A Multicenter, Double Blind, Placebo-Controlled, Safety and Tolerability Study of BMS-708163 in Patients With Prodromal Alzheimer's Disease

• ClinicalTrials.gov Identifier: NCT00890890
• Recruitment Status: Terminated
• First Posted: April 30, 2009
• Last Update Posted: October 12, 2015
• Sponsor: Bristol-Myers Squibb
• Information provided by (Responsible Party): Bristol-Myers Squibb

Tracking Information

• First Submitted Date: April 29, 2009
• First Posted Date: April 30, 2009
• Last Update Posted Date: October 12, 2015
• Study Start Date: May 2009
• Actual Primary Completion Date: July 2013 (Final data collection date for primary outcome measure)

Current Primary Outcome Measures (submitted: September 4, 2013)

• Safety and tolerability of BMS-708163 in patients with Prodromal Alzheimer's disease as measured by adverse events, vital signs, laboratory assessments, electrocardiograms (ECGs) and Safety Head Magnetic resonance imaging (MRI) findings [ Time Frame: Every 12 weeks up to week 220 ]
• Safety and tolerability of BMS-708163 in patients with Prodromal Alzheimer's disease as measured by adverse events, vital signs, laboratory assessments, electrocardiograms (ECGs) and Safety Head Magnetic resonance imaging (MRI) findings [ Time Frame: Avagacestat-treated patients will be seen for safety visits at 4 Post Treatment/Study Termination ]
• Safety and tolerability of BMS-708163 in patients with Prodromal Alzheimer's disease as measured by adverse events, vital signs, laboratory assessments, electrocardiograms (ECGs) and Safety Head Magnetic resonance imaging (MRI) findings [ Time Frame: Avagacestat-treated patients will be seen for safety visits at 12 Post Treatment/Study Termination ]
• Safety and tolerability of BMS-708163 in patients with Prodromal Alzheimer's disease as measured by adverse events, vital signs, laboratory assessments, electrocardiograms (ECGs) and Safety Head Magnetic resonance imaging (MRI) findings [ Time Frame: Avagacestat-treated patients will have a 24 week post treatment skin examination by a dermatologist ]

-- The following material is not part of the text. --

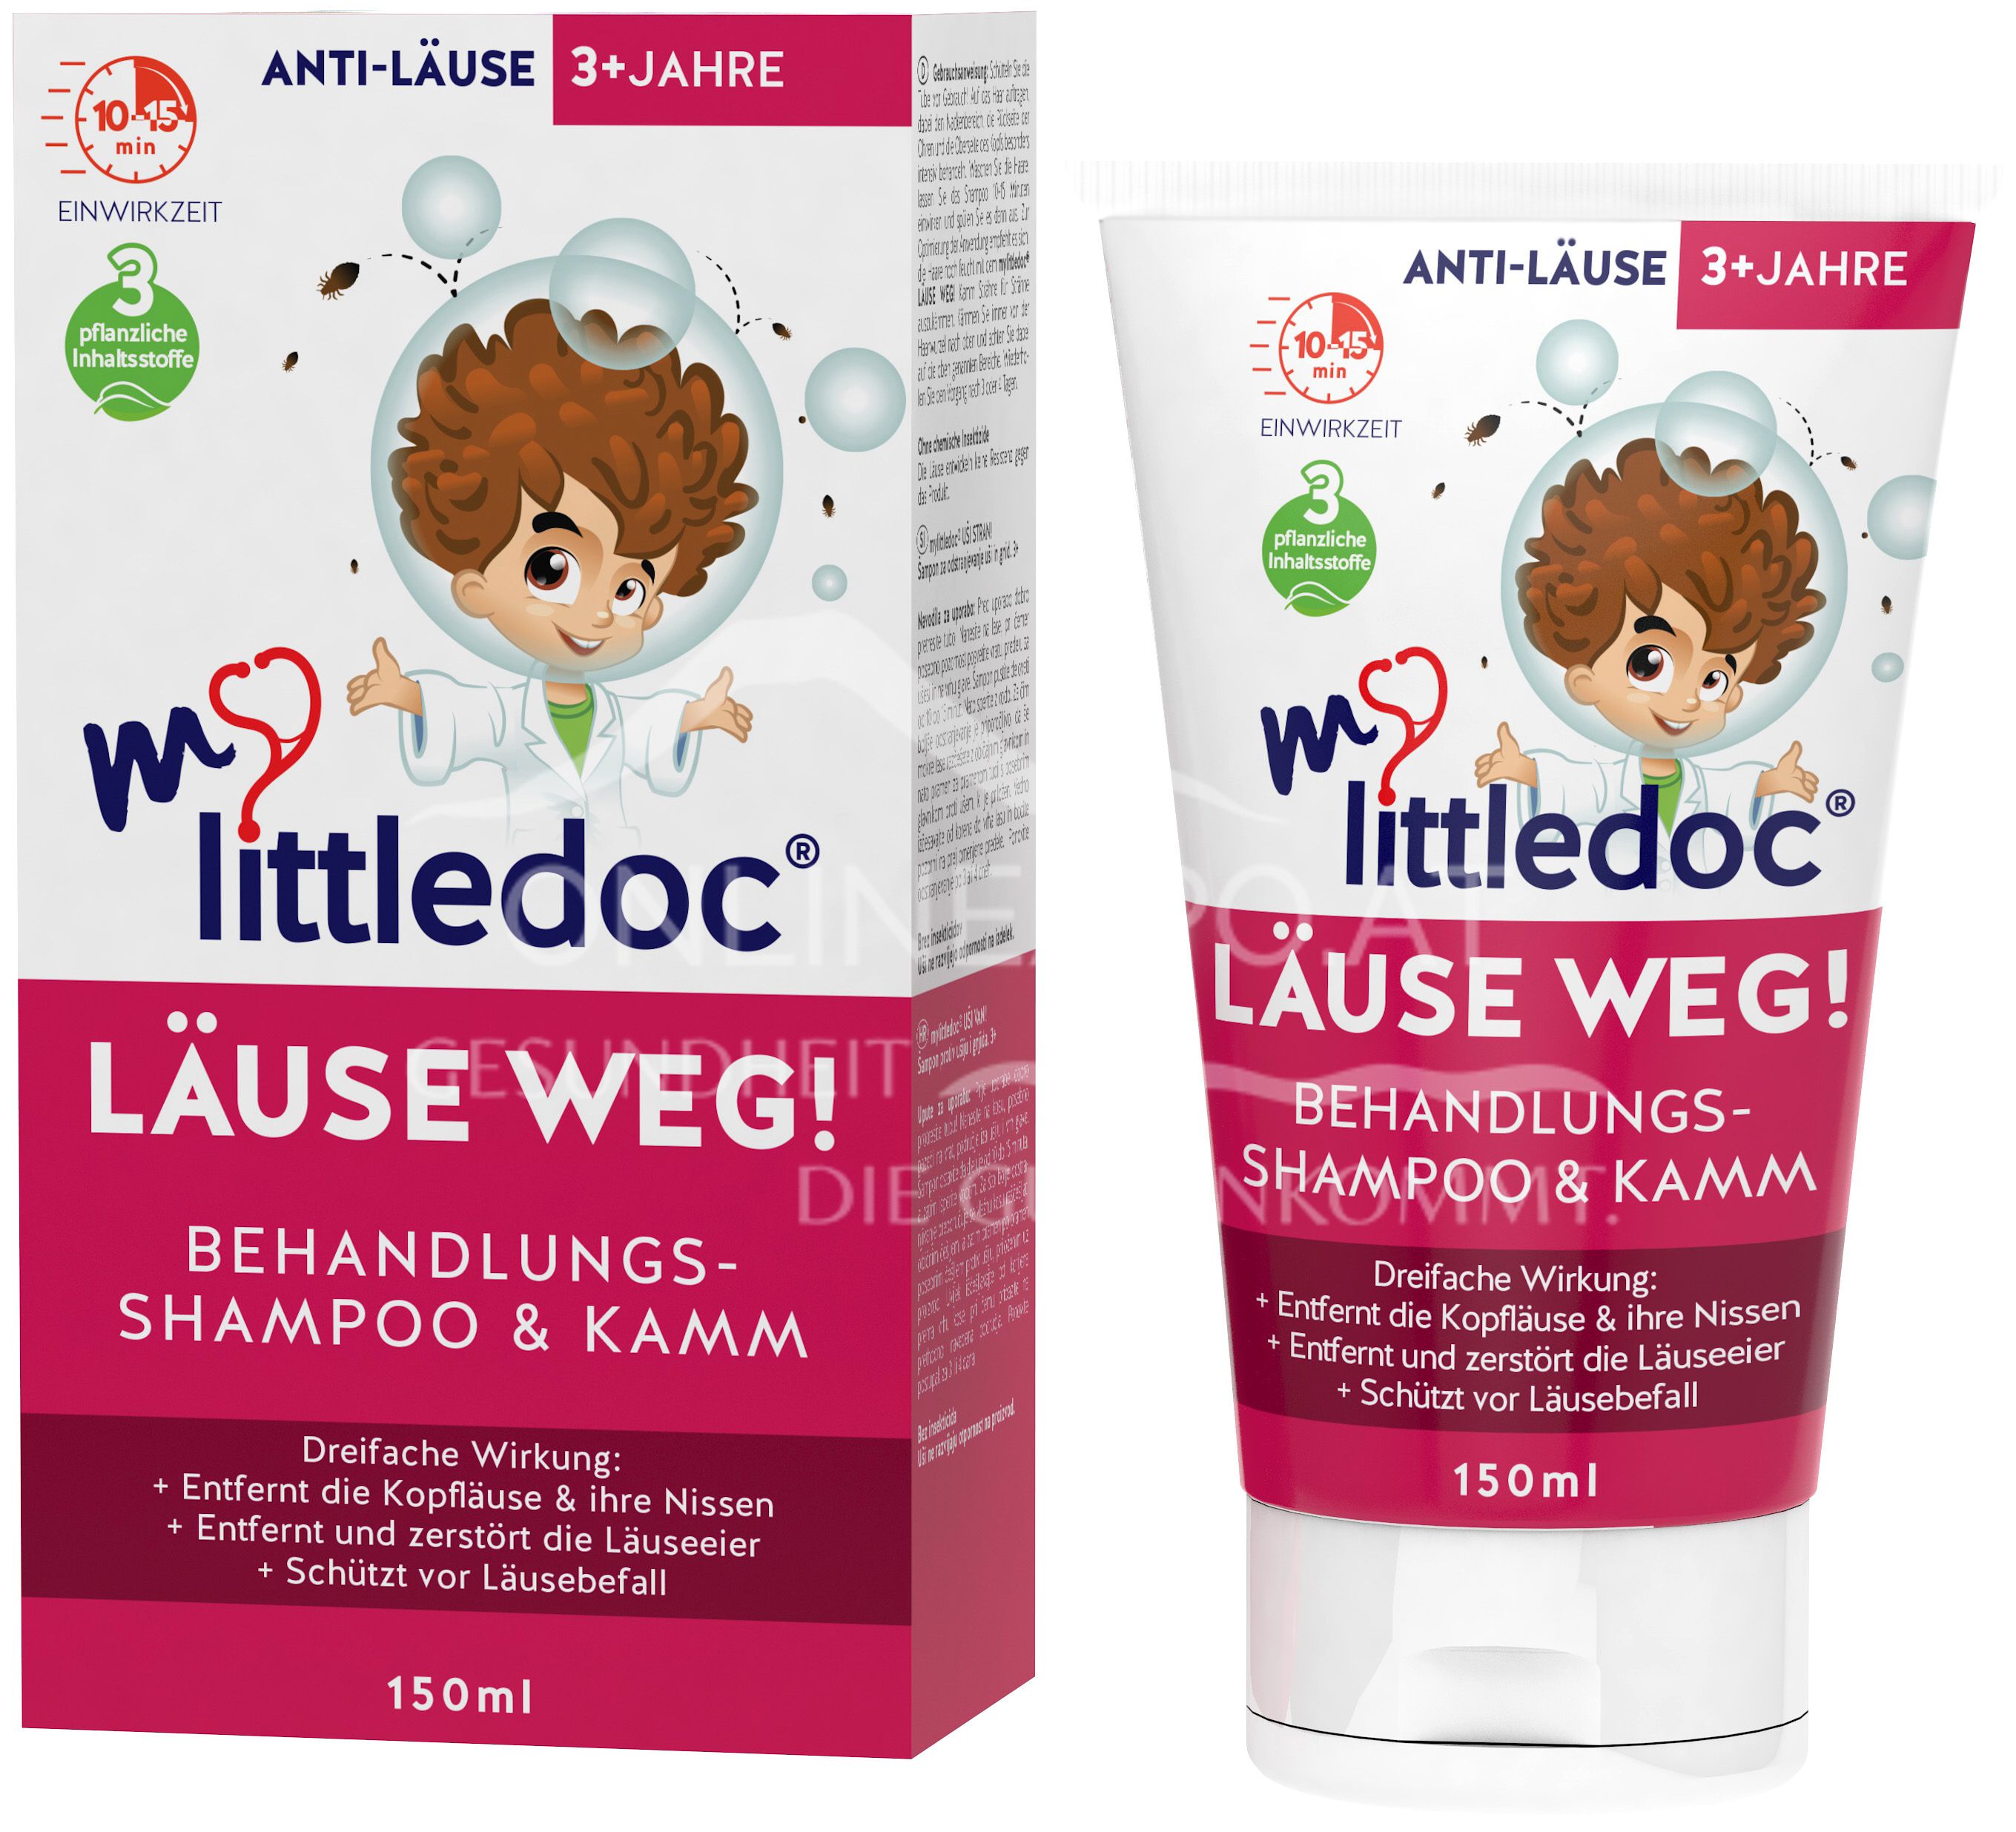 mylittledoc® LÄUSE WEG! Behandlungs-Shampoo & Kamm

• Original Primary Outcome Measures (submitted: April 29, 2009): Adverse Events [ Time Frame: During the treatment phase, every 2 weeks for the first 8 weeks, then monthly for the next 16weeks. Then every 8-weeks during the follow-up period (Weeks 28, 36, & 52) ]
• Current Secondary Outcome Measures (submitted: July 24, 2012): Predictive value of Cerebral Spinal Fluid (CSF) biomarkers (Aβ40, and Aβ42, total Tau, total Tau/Aβ42 ratio, phosphorylated Tau) on progression to dementia [ Time Frame: Baseline (Week 0), Week 2 (optional), Week 24 and Week 104 ]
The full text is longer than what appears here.